━━━━━ EXERCISE DATA ━━━━━

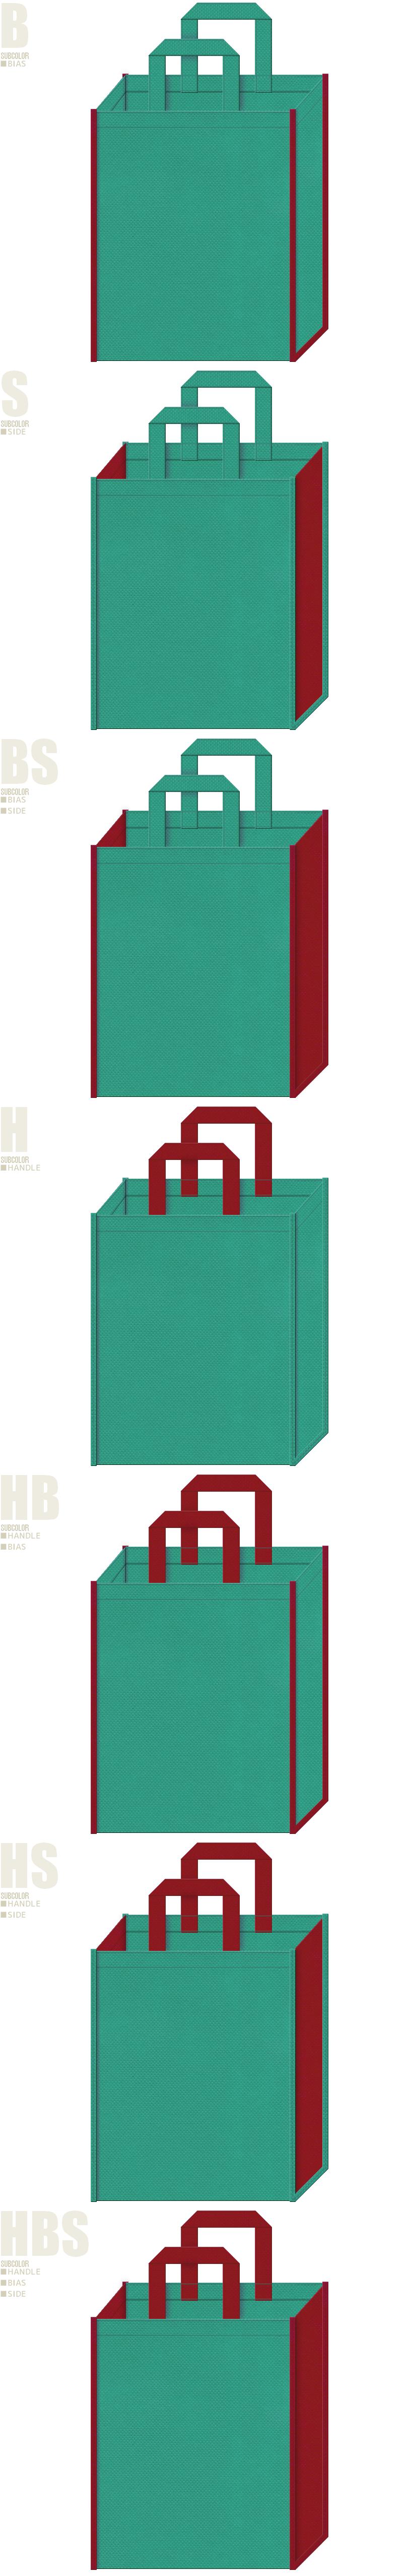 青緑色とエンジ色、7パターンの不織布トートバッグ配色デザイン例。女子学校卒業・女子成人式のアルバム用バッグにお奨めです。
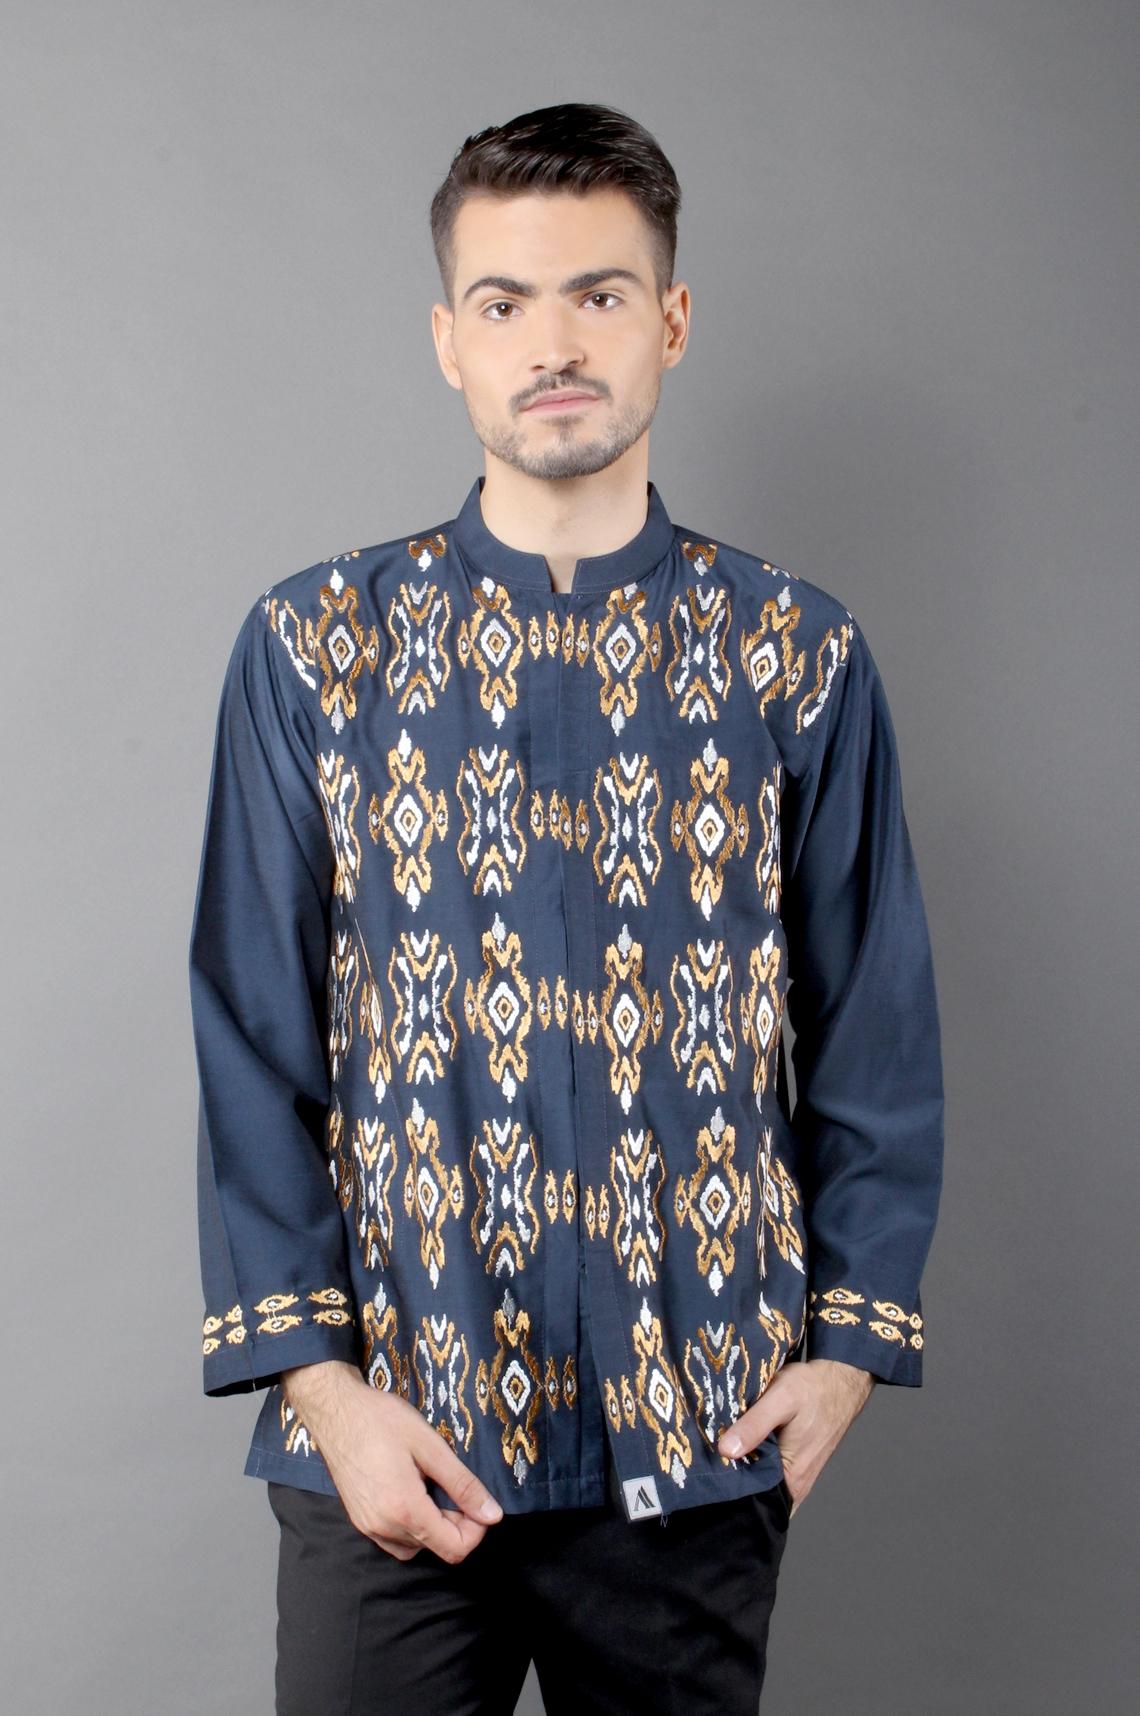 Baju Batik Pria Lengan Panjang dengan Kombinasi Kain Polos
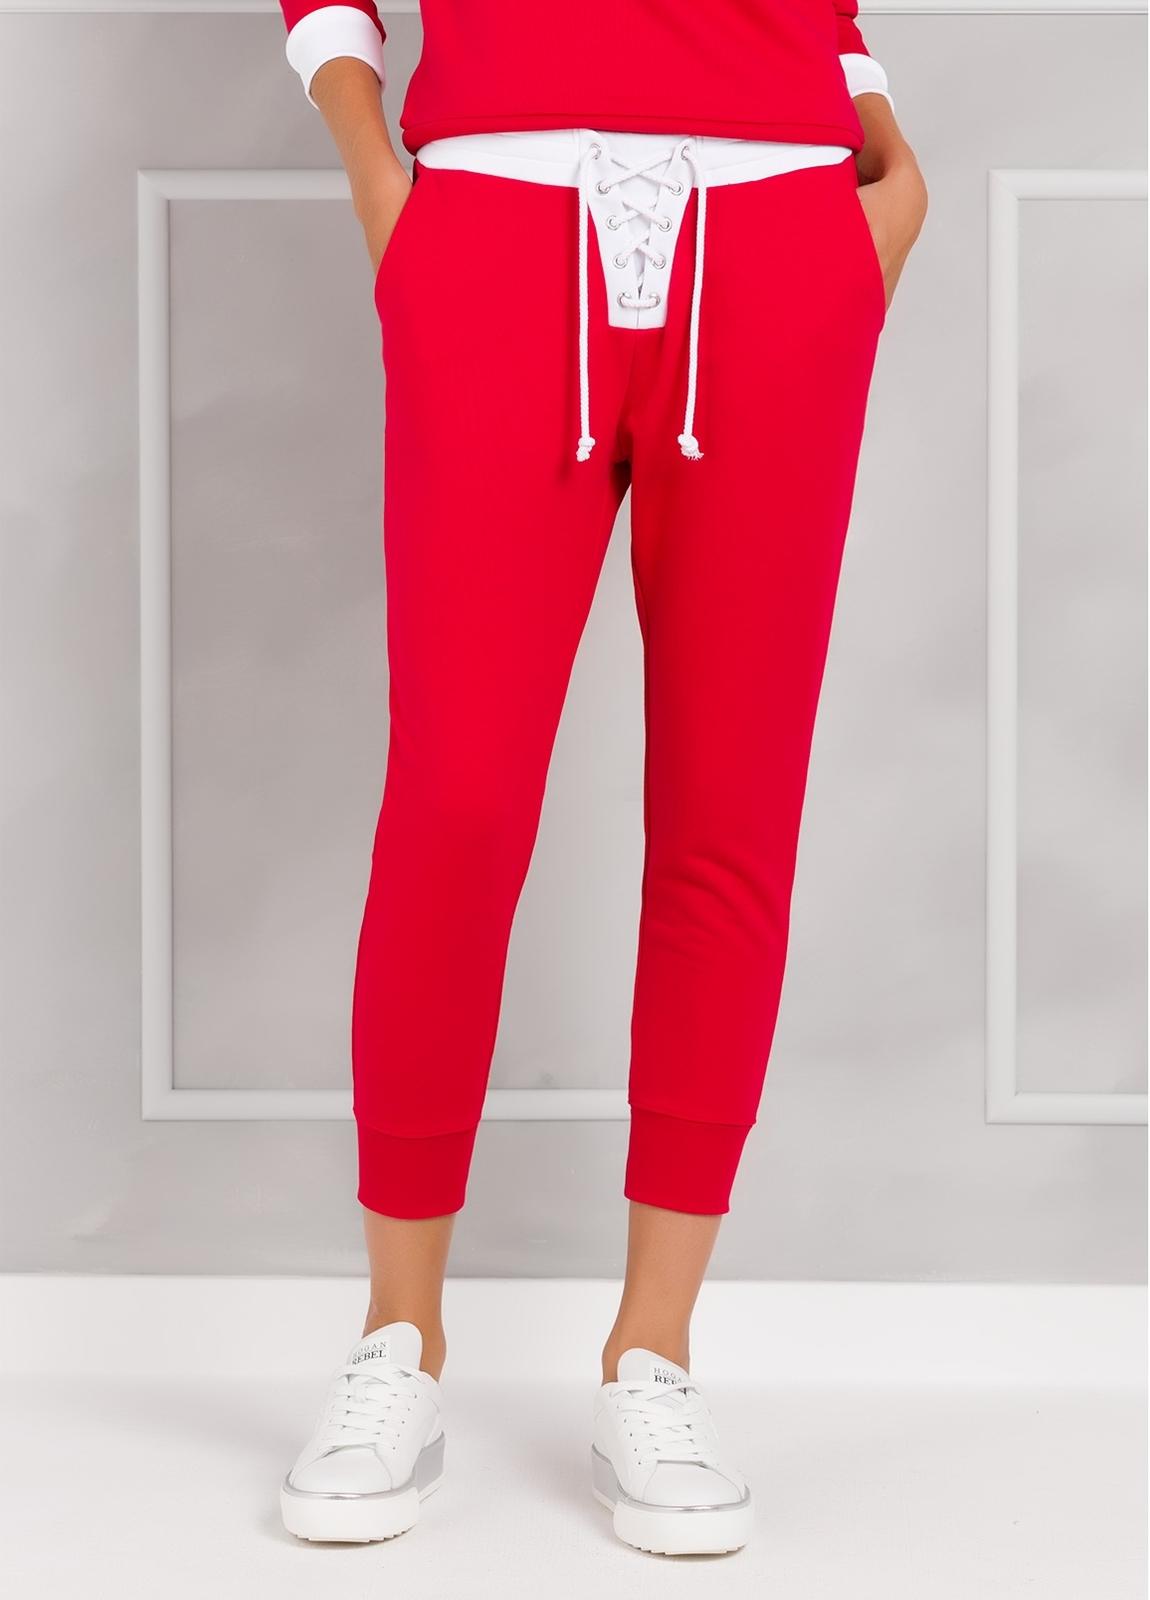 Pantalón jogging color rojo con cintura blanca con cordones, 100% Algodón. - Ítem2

━━━━━

#### [TASK DETAILS]
Leaving out every picture, extract verbatim the lines from the one containing "Baju Batik Pria" through the last line of the listing, inclusive.

#### [EXERCISE RESPONSE]
 Baju Batik Pria Lengan Panjang dengan Kombinasi Kain Polos
 Pantalón jogging color rojo con cintura blanca con cordones, 100% Algodón. - Ítem2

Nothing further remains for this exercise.